🤖 AI Summary
This work addresses the challenge that long-horizon agents struggle to retain evidence critical for future queries under strict memory budgets, leading to inefficient retrieval. To overcome this, the authors propose a pre-query, budget-constrained evidence retention mechanism that constructs compact, traceable “evidence capsules” through a learnable memory writing strategy. Each capsule integrates verbatim text excerpts, retrieval keys, and update metadata, and the entire writing process is end-to-end optimized using post-query feedback.

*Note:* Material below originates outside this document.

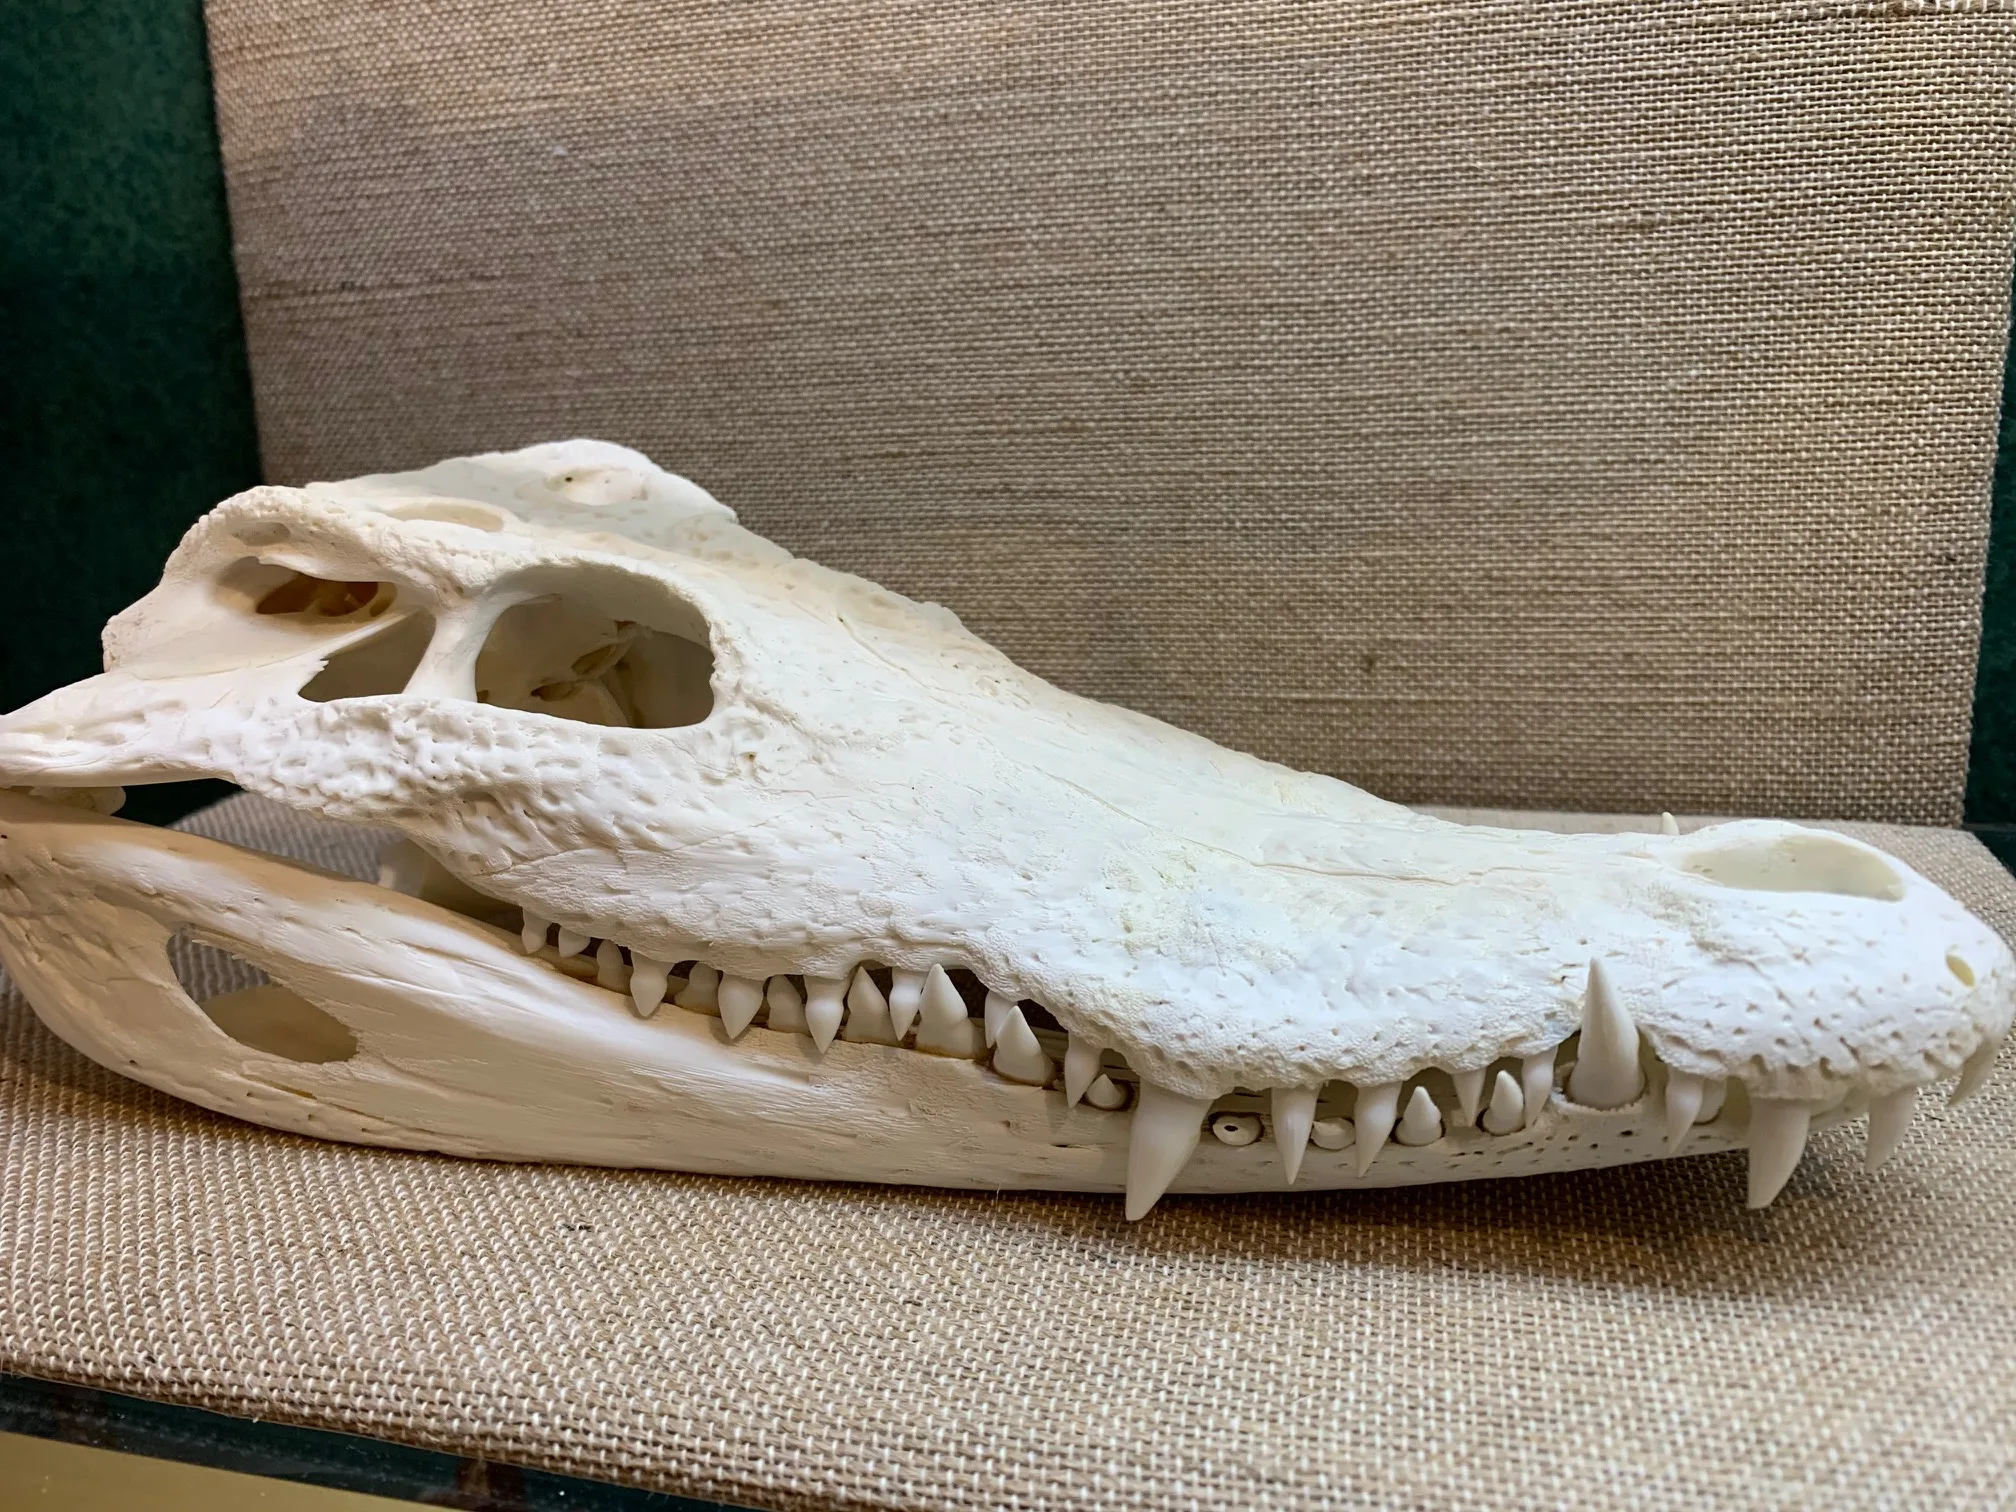 Crocodile Skull, Large Size Prehistoric Online

Evaluated on the LongMemEval-RR benchmark, the proposed method, EMBER-14B, achieves an F1 score of 0.3017 under an 8,192-token memory budget, substantially outperforming the strongest baseline (F1 = 0.1765), thereby demonstrating its superiority in preserving salient information and enhancing retrieval effectiveness.
📝 Abstract
Long-horizon agents can archive large histories, but future answers still incur retrieval, rereading, and context costs. When retained memory misses answer-relevant evidence, the system must return to larger portions of the raw history. We study budgeted evidence survival: before the query is known, which source evidence should be retained so that it remains recoverable and usable under a fixed retained source-evidence token budget? We instantiate this setting as Budgeted Pre-Query Retention, where memory is written during ingestion and later read without access to the full raw stream. We introduce EMBER, a learned retention policy that constructs a compact, source-backed evidence state. EMBER stores evidence capsules: verbatim source excerpts paired with retrieval keys and update metadata, preserving both grounding and read-time access. Post-query outcome feedback trains the writer to preserve evidence across the ingestion-retrieval-answer chain. On LongMemEval-RR, our LongMemEval-derived retained-evidence protocol, EMBER-14B reaches 0.3017 F1 at the 8192-token retained-evidence comparison point, compared with 0.1765 for the strongest non-EMBER budgeted baseline. Across retained source-evidence budgets, EMBER improves F1, Retain-Recall, and Read-Recall, indicating that long-horizon memory depends on retaining evidence within the budget rather than rereading larger histories.